Corneal dystrophies are inherited conditions that cause variable findings according to the anatomic layer affected. They are bilateral and largely autosomal dominant, with variable penetrance.

Superficial corneal dystrophies include map-dot-fingerprint dystrophy (Cogan’s microcystic dystrophy). Abnormalities in the corneal epithelium cause changes in the epithelium basement membrane that manifest as fine map, dot, or fingerprint lines on slitlamp examination of the cornea. Patients with this condition may be asymptomatic, but spontaneous episodes of recurrent corneal erosion can occur. Conservative treatment includes topical lubricants, hypertonic saline drops or ointment, and bandage contact lenses. If these measures do not help the epithelium adhere to its underlying basement membrane, paradoxically, debridement to the epithelium in the involved area may help achieve stability. Anterior stromal puncture is gaining acceptance. This procedure uses a fine needle to make small puncture marks just beyond Bowman’s membrane, into the corneal stroma. These small scars allow the overlying epithelium to achieve better adhesion to its basement membrane. Even when the punctures are made within the visual axis, visual deficits are rare, although patients may complain of changes in the quality of their vision.
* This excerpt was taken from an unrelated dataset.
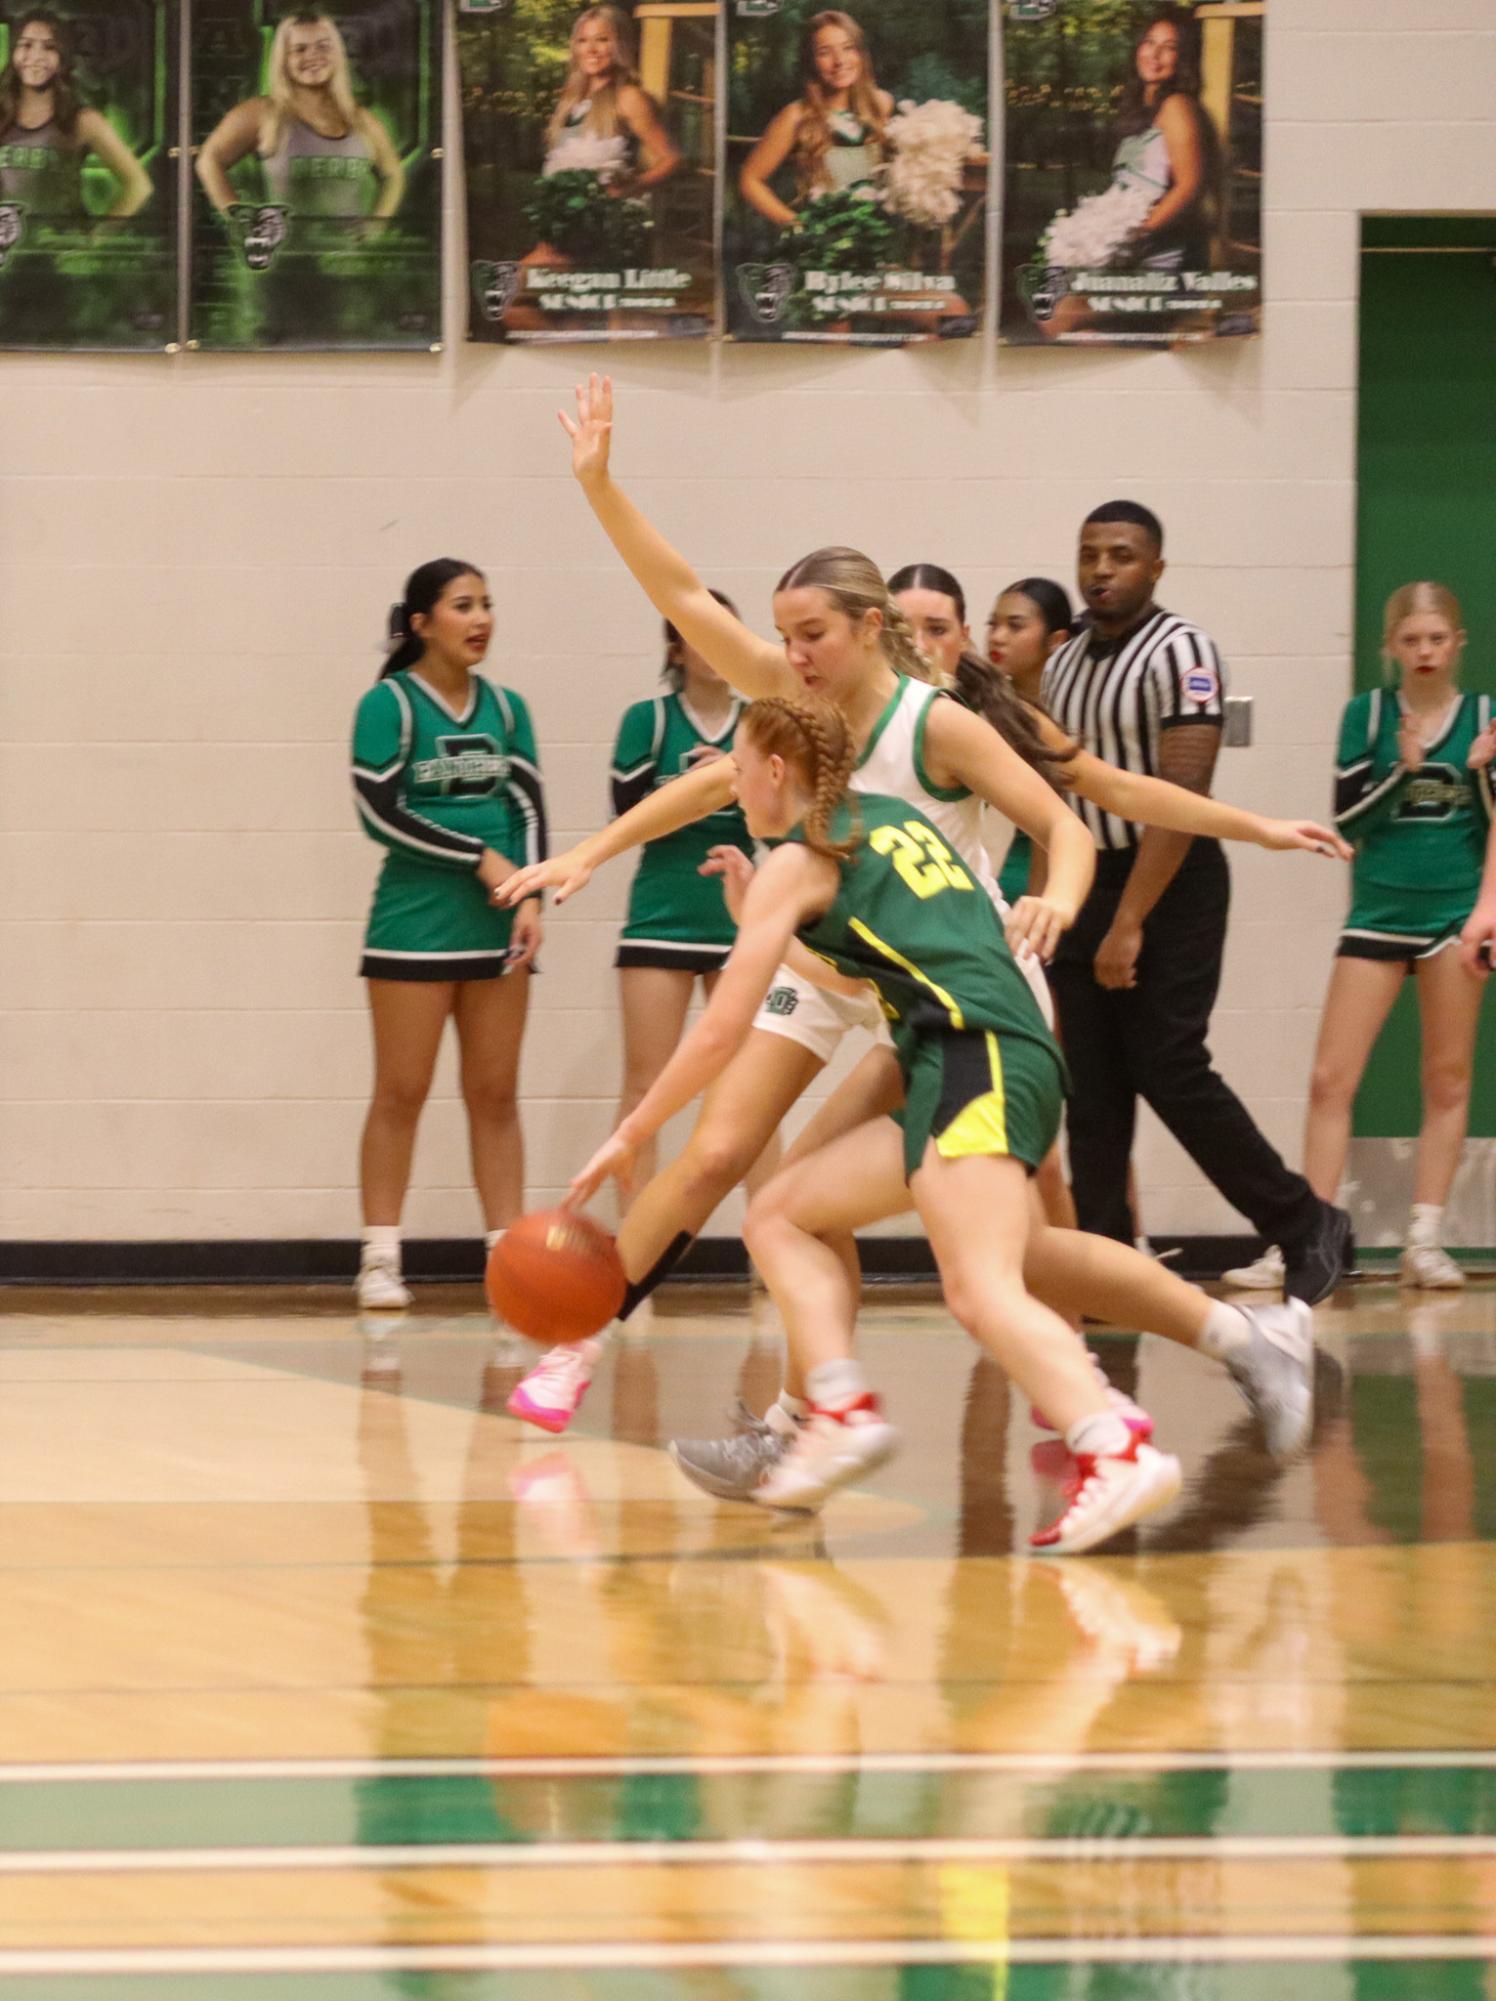 Girls+varsity+basketball+vs.+South+%28Photos+by+Delainey+Stephenson%29

Many corneal stromal dystrophies occur, but the three classic ones are granular, lattice, and macular. Granular dystrophy is characterized by deposits of hyaline material into the corneal stroma. These deposits produce a “bread crumb” appearance, with intervening clear areas of cornea. This condition progresses slowly and leads to a gradual worsening of vision. Symptoms often do not start until midlife. Treatment with penetrating keratoplasty offers a good prognosis. Lattice dystrophy results from amyloid deposits within the corneal stroma. These deposits give the appearance of fine, refractile lines that form a web. This pattern is often best seen in retroillumination (slitlamp technique). Recurrent erosions are common and may lead to stromal haze and decreased vision. The treatment of choice is penetrating keratoplasty. Recurrences of lattice dystrophy in the corneal graft are common, but may take years to develop (Fig. 9-8). Macular dystrophy is usually more severe than granular or lattice dystrophy. Unlike the other types, macular dystrophy has an autosomal recessive inheritance pattern. Mucopolysaccharide deposits tend to spread diffusely through the corneal stroma, leading to decreased vision at an early age. These deposits reach the periphery, with no clear cornea between them. Penetrating keratoplasty is performed to improve vision.

Posterior dystrophies include Fuchs’ endothelial dystrophy. This common autosomal dominant disorder is characterized by the early development of endothelial dysfunction associated with decreased endothelial cell counts. This disorder is most commonly found in postmenopausal women. Slitlamp examination shows endothelial excrescences (corneal guttae), often associated with pigment. The amount of corneal edema depends on the severity of the disease (Fig. 9-9). As the disease progresses, epithelial breakdown may occur, eventually producing subepithelial scarring. Symptoms of blurred vision and irritation usually do not occur until the fifth or sixth decade. In the early stages, topical hypertonic saline may be used to dehydrate the cornea, and bandage contact lenses may be inserted to neutralize corneal astigmatism. In later stages, corneal transplantation is the only alternative to improve visual acuity.

Figure 9-8   Recurrent lattice dystrophy in a penetrating keratoplasty.

Figure 9-9   Corneal edema secondary to Fuchs’ dystrophy.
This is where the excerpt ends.